Sonograms

 

An ultrasound, also referred to as a sonogram, is a non-invasive tool used by physicians to help monitor the growth and development of embryos or fetus’. It uses high-frequency sound waves to produce images of the fetus inside the mother’s uterus. Ultrasounds capture continuous, real-time images that reveal the fetus’ anatomy and movement, as well as blood flowing through the veins and movement of the internal organs. These images allow us to assess the gestational age, size and growth of the fetus.
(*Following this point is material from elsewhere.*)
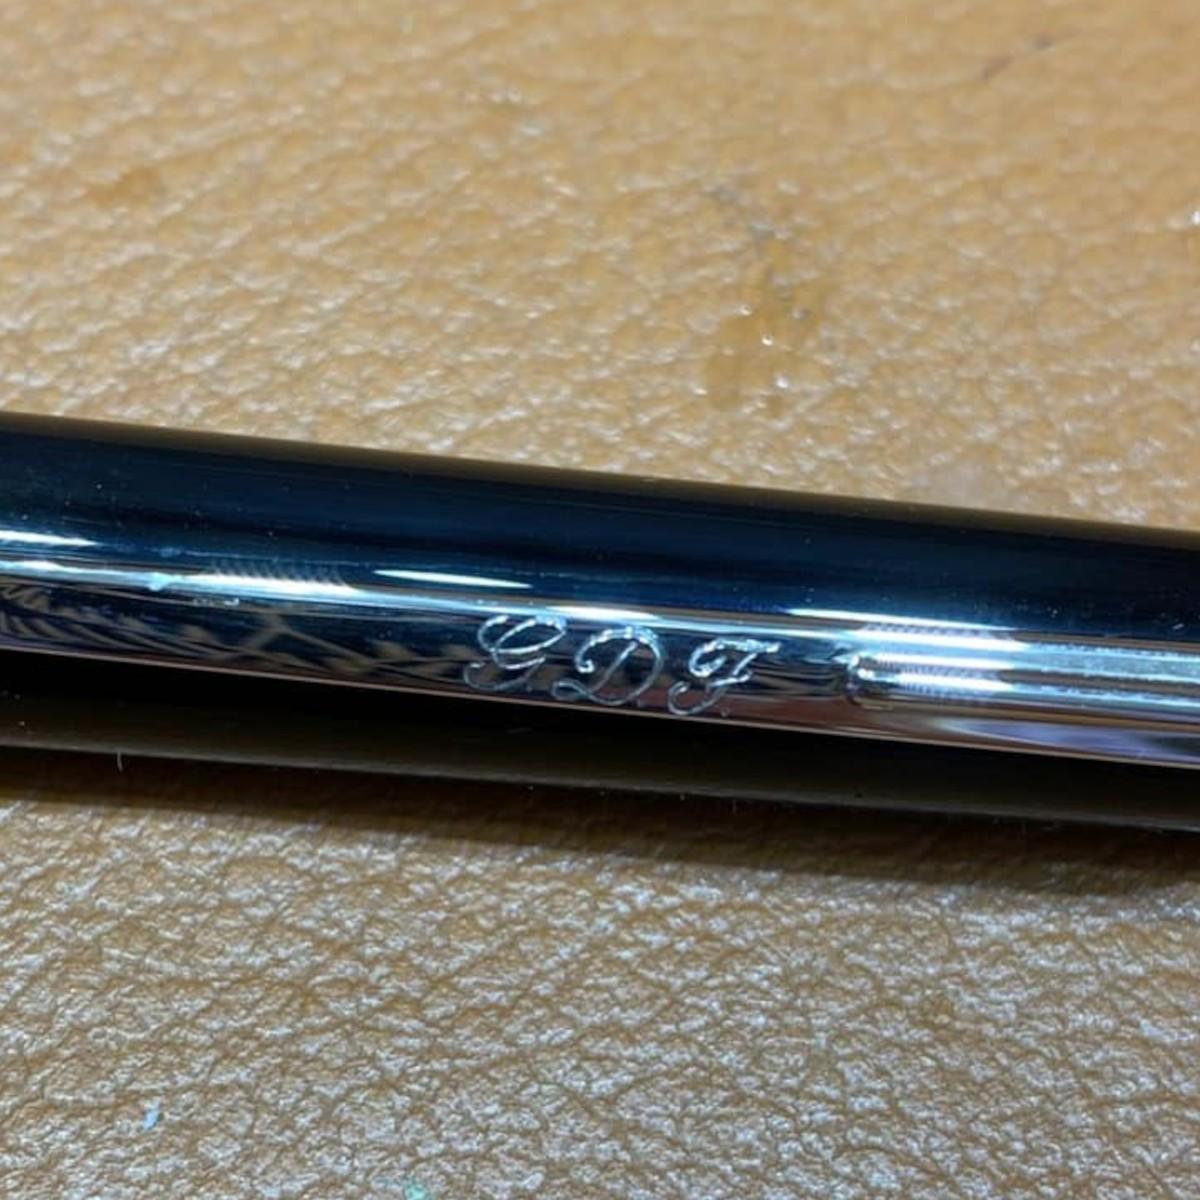 Incisione personalizzazione penna

Ultrasounds are considered to be a safe, accurate and cost-effective way to examine the development of the fetus. They are used for the following purposes:

  • To confirm pregnancy.
  • To determine gestational age and fetal size.
  • To diagnose any possible fetal malformation. (spina bifida, cleft lips/palate, etc.)
  • To determine the location of the placenta and ensure there are no abnormalities.
  • To confirm multiple pregnancies.
  • To detect excessive or decreased amounts of amniotic fluid in the uterus.
  • To confirm fetal presentation when uncertain.
  • To evaluate fetal movement and breathing patterns.
  • To diagnose any pelvic or uterine abnormalities such as an ovarian cyst.
  • To confirm intrauterine death.

Pregnant women will receive two sonograms. The first early in pregnancy, around 7 weeks, to confirm pregnancy, determine an approximate due date, exclude ectopic or molar pregnancies and diagnose multiple gestations. The second ultrasound is normally performed at 18 to 20 weeks mostly to determine if there are any congenital malformations and to determine the gender of the fetus. Additional sonograms may be giuven throughout the pregnancy and depends on whether or not your physician feels that further assessment is needed.

Types of Ultrasounds

With the advancement in today’s technology, we have many types of sonograms to use at different times and for different purposes throughout the pregnancy, including:

  • Transvaginal Ultrasound – images taken by a probe inserted into the vagina. Used in the early stages of pregnancy for diagnosing various gynecologic problems not related to pregnancy.
  • Doppler Ultrasound – used to diagnose possible cardiac malformations through color mapping of the blood vessels.
  • 2D Ultrasound – the most common form of ultrasound used to monitor the growth and development of the fetus.
  • 3D Ultrasounds – used in addition to the 2D ultrasound to monitor the growth and development of the fetus. Provides 3D still photographs showing detailed features of the baby.
  • 4D Ultrasounds – captures the movement of the fetus in real time.